"I hate straight singing. I have to change a tune to my own way of doing it. That's all I know"
About this Quote
The subtext is almost startlingly pragmatic: changing a tune isn’t rebellion for rebellion’s sake. It’s the only method she trusts. “That’s all I know” reads like humility, but it’s also a flex. She’s implying there’s no access to some neutral, standardized delivery - not for her, not in the world she sang through. As a Black woman navigating segregated venues, exploitative contracts, and a culture eager to consume Black pain while policing Black autonomy, “my own way” becomes both an aesthetic and a shield.

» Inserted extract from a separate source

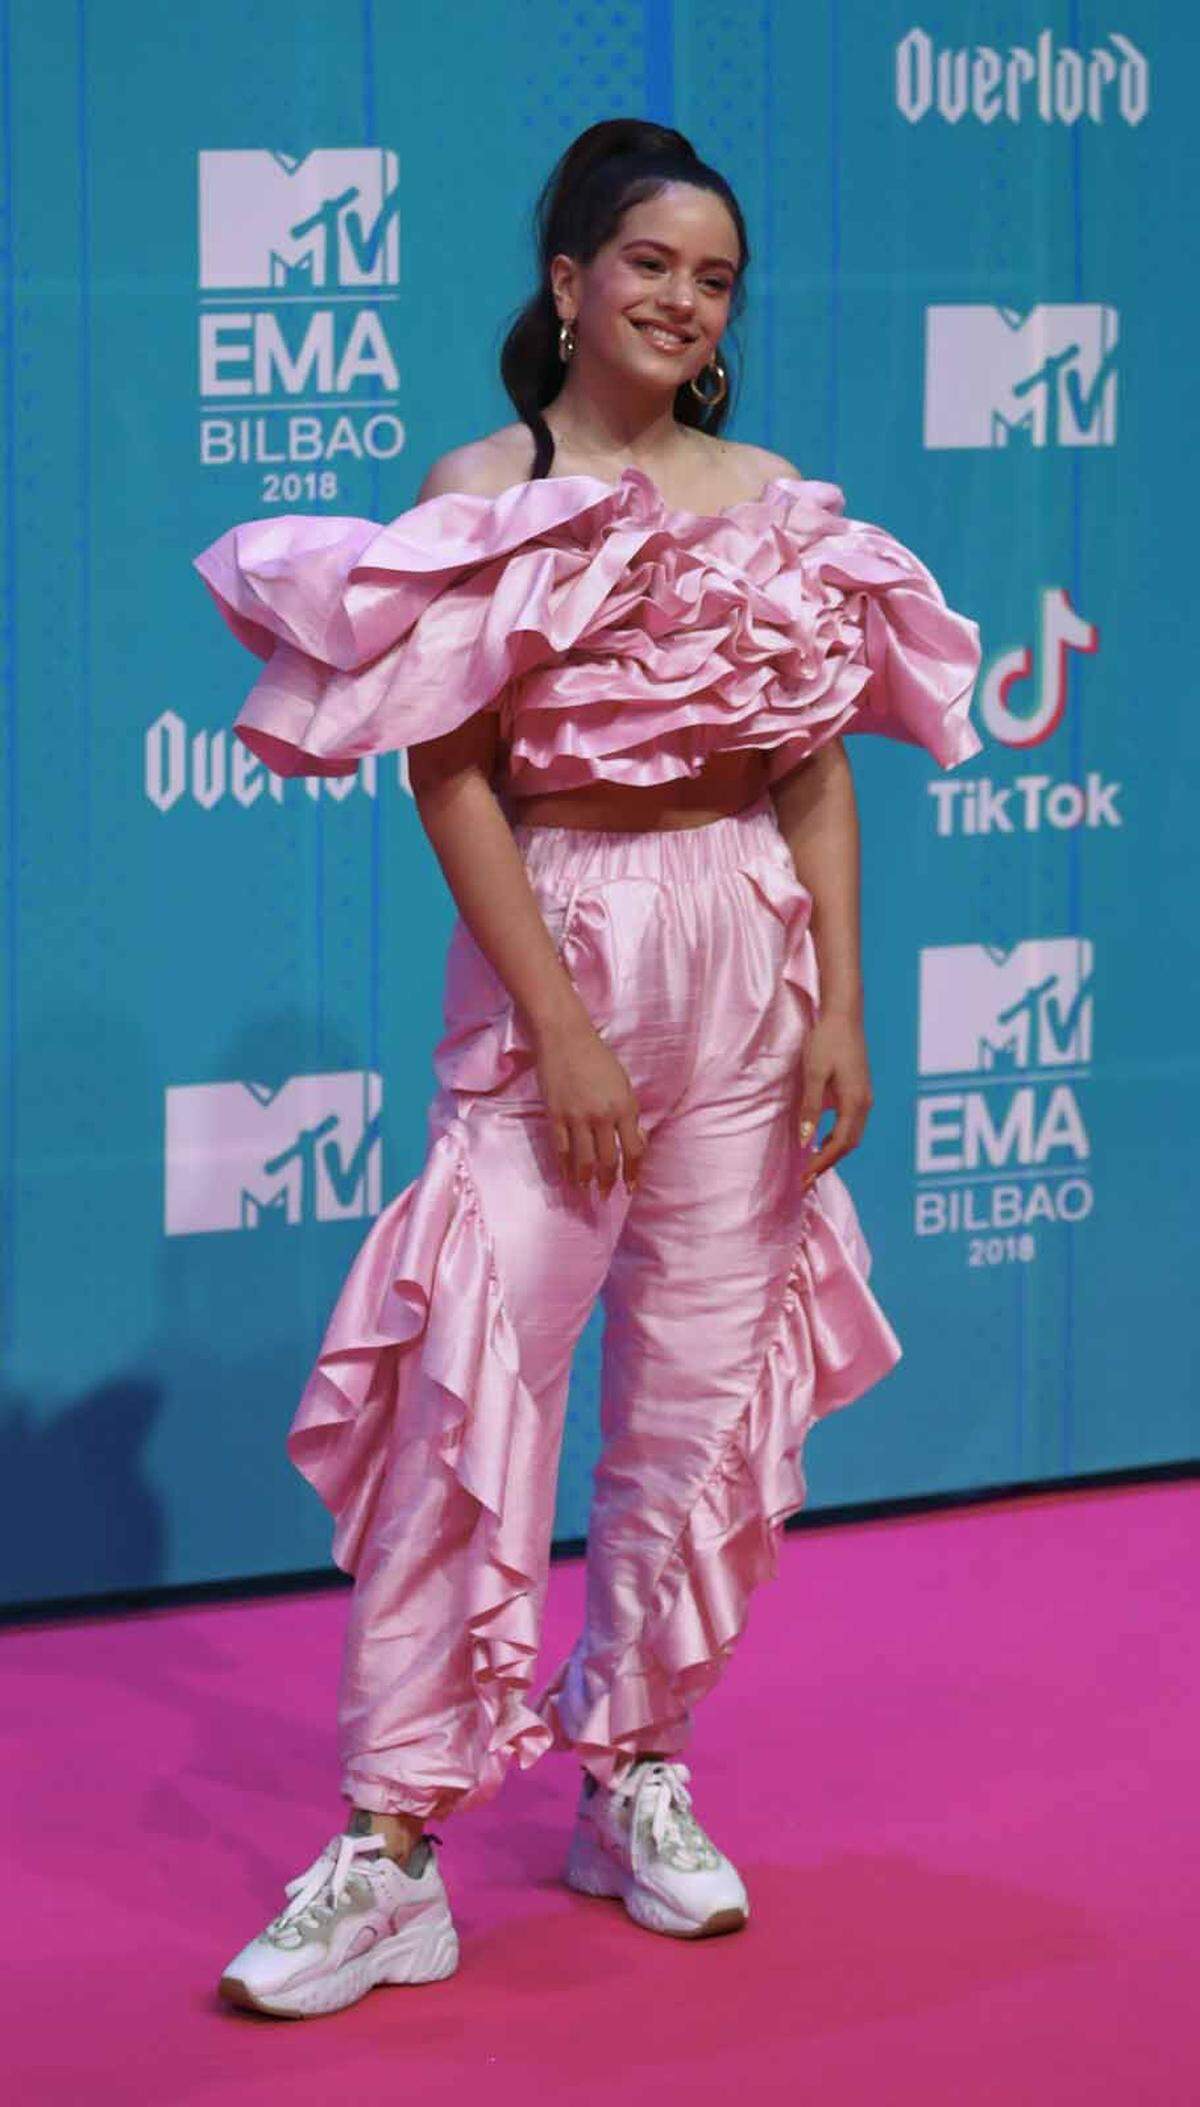 Das Spektakel wurde weltweit in eine halbe Milliarde Haushalte übertragen. Nach 2002 (Barcelona) und 2010 (Madrid) wurden die MTV Europe Music Awards zum dritten Mal in Spanien vergeben. Im Bild: Die spanische Sängerin Rosalia pretty in Pink.

What makes the line work is its bluntness. No theory, no romantic manifesto - just the sound of an artist telling you that authenticity isn’t a brand; it’s a constraint. Holiday’s genius was never about vocal gymnastics. It was phrasing as autobiography: the way she could lean behind the beat, bruise a lyric, turn a familiar standard into a private confession. In that sense, “hate” isn’t taste. It’s a refusal to let the song dictate the truth.
Quote Details
| Topic | Music |
|---|---|
| Source | Help us find the source |
| Cite |
Citation Formats
APA Style (7th ed.)
Holiday, Billie. (2026, January 17). I hate straight singing. I have to change a tune to my own way of doing it. That's all I know. FixQuotes. https://fixquotes.com/quotes/i-hate-straight-singing-i-have-to-change-a-tune-47592/
Chicago Style
Holiday, Billie. "I hate straight singing. I have to change a tune to my own way of doing it. That's all I know." FixQuotes. January 17, 2026. https://fixquotes.com/quotes/i-hate-straight-singing-i-have-to-change-a-tune-47592/.
MLA Style (9th ed.)
"I hate straight singing. I have to change a tune to my own way of doing it. That's all I know." FixQuotes, 17 Jan. 2026, https://fixquotes.com/quotes/i-hate-straight-singing-i-have-to-change-a-tune-47592/. Accessed 2 Apr. 2026.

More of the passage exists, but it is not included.